DATA SEGMENT:
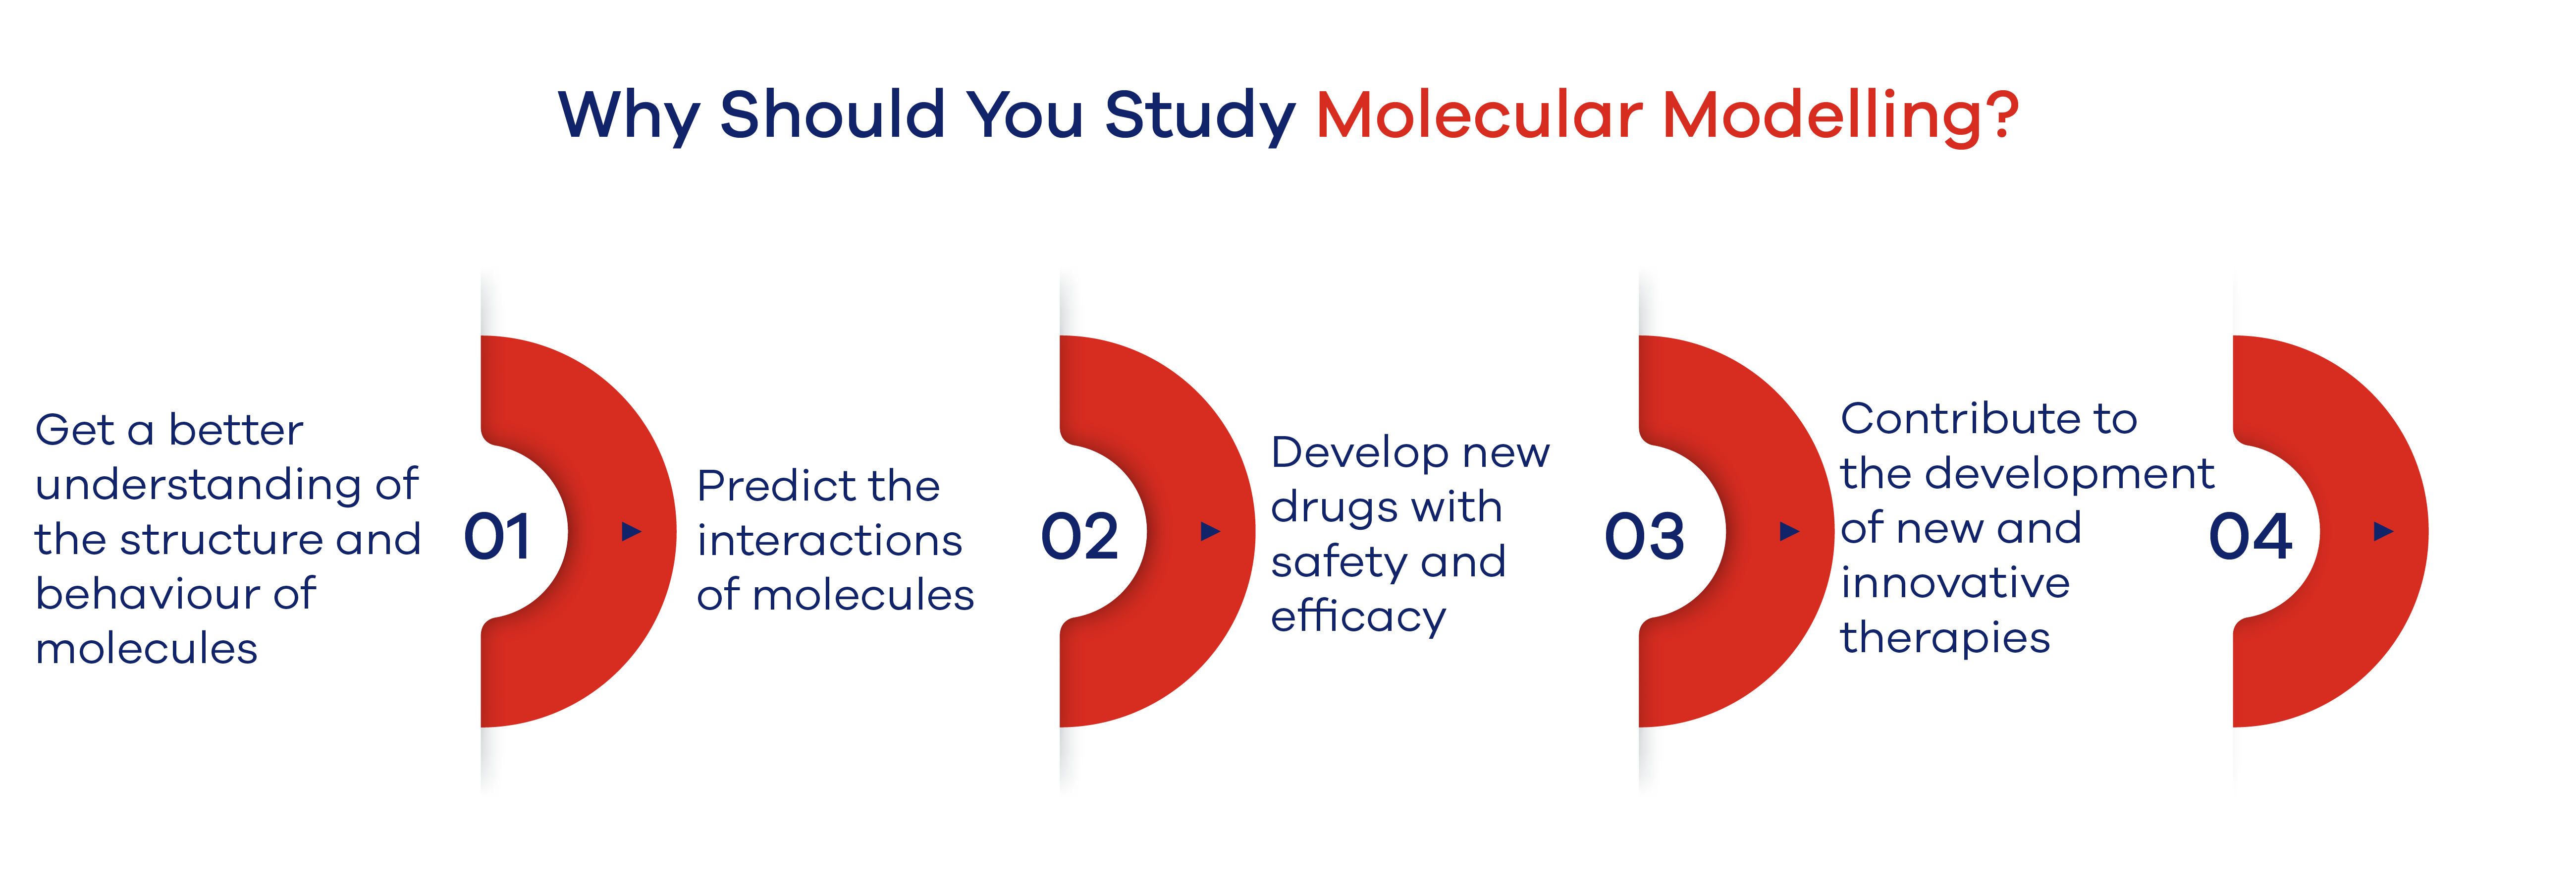 Why Should You Study Molecular Modelling? 
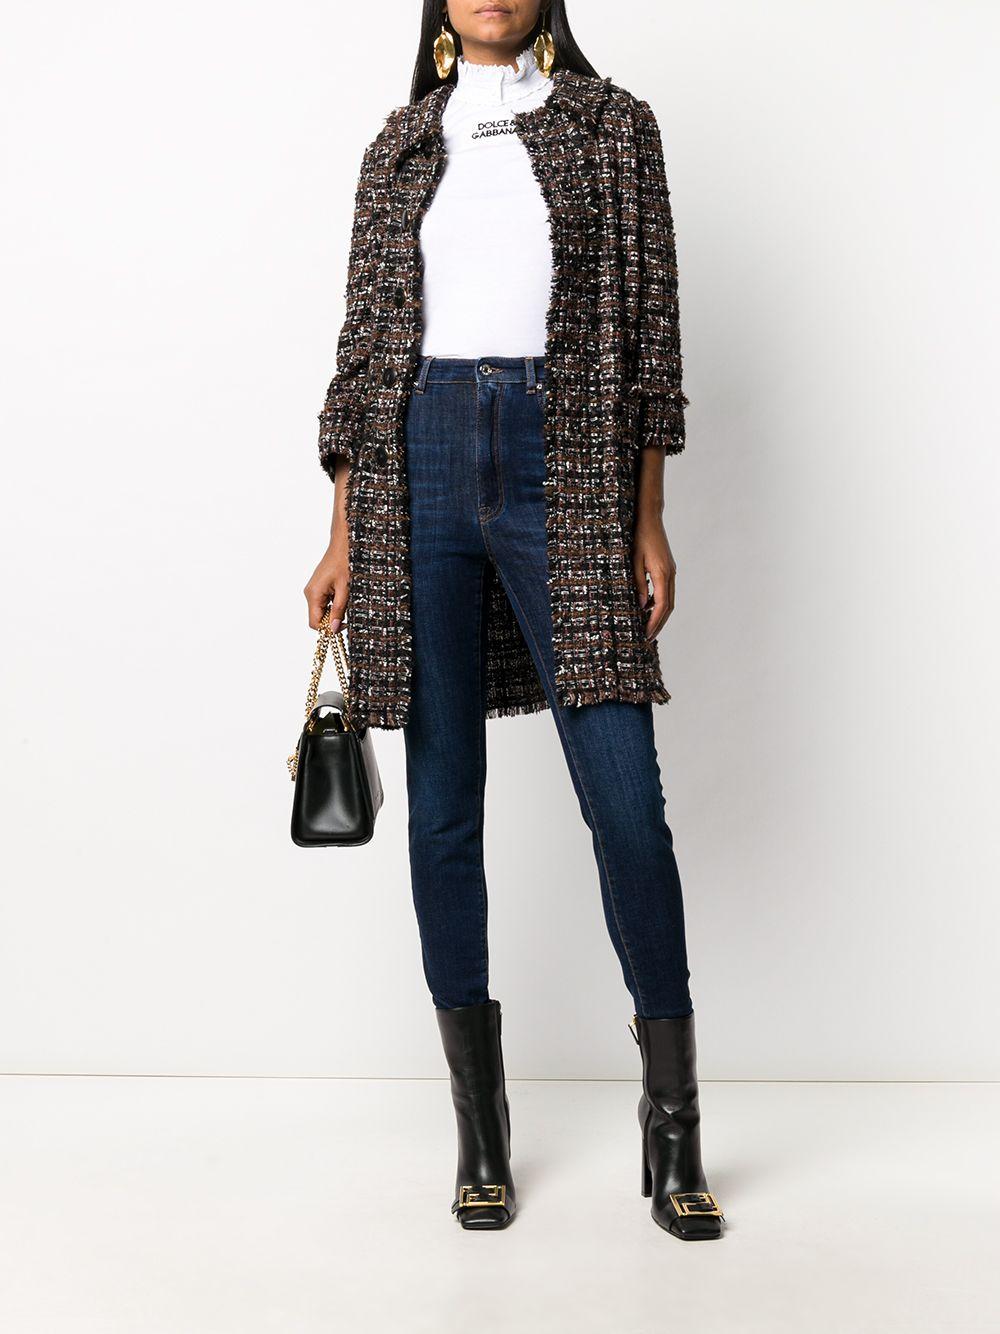 Dolce & Gabbana Tweed Mid-length Coat in Brown - Lyst
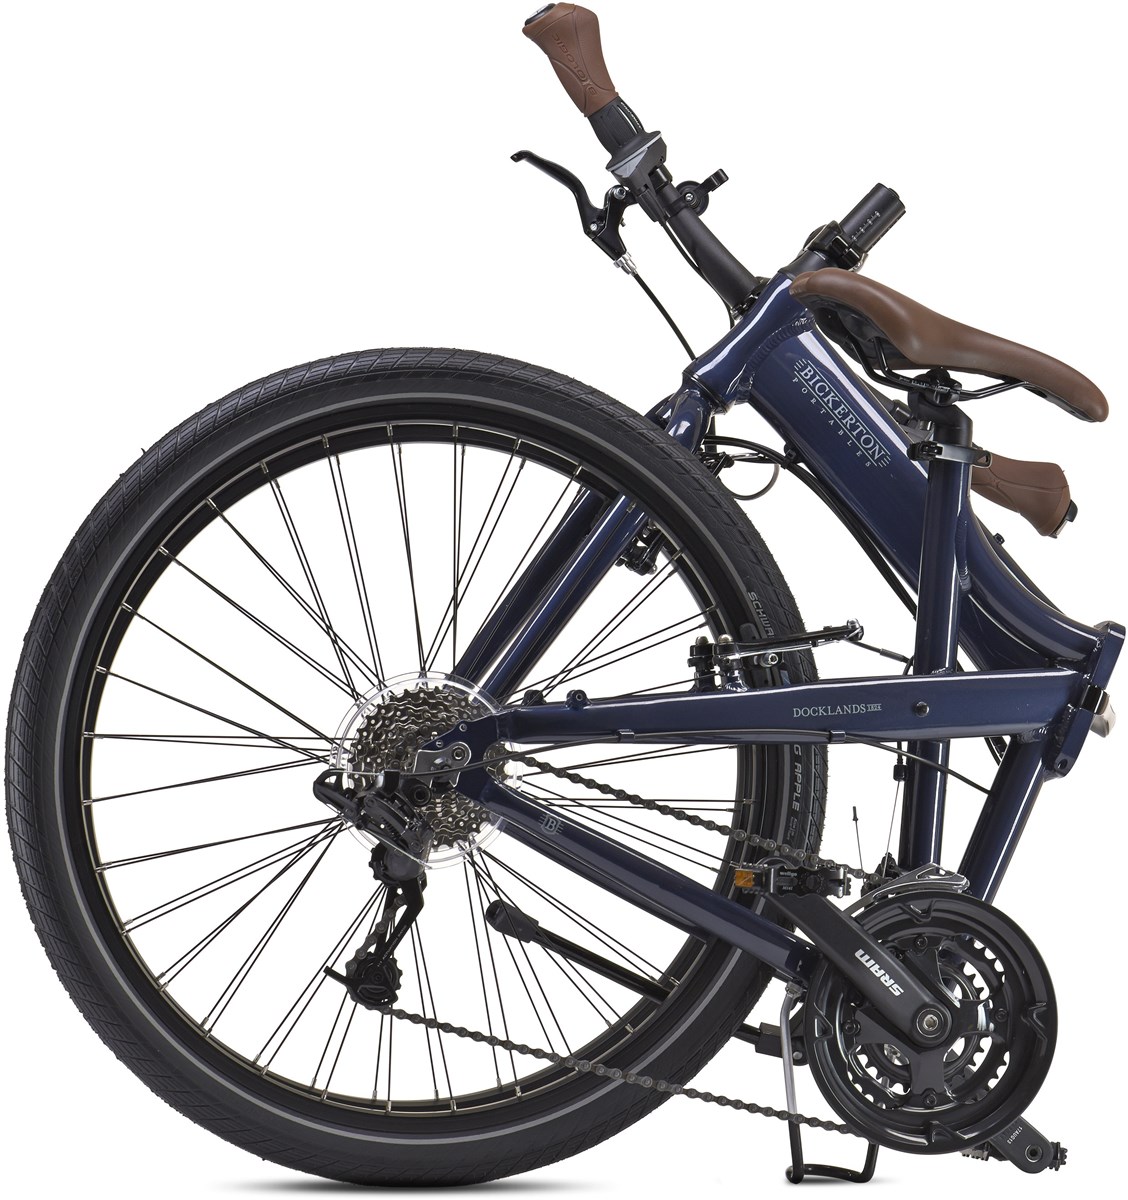 Bickerton Docklands 1824 Country 2016 Folding Bike

WHAT YOU WILL DO:
Return the complete material exactly as given, excluding images.

REPLY TO THE EXERCISE:
 Why Should You Study Molecular Modelling? 
 Dolce & Gabbana Tweed Mid-length Coat in Brown - Lyst
 Bickerton Docklands 1824 Country 2016 Folding Bike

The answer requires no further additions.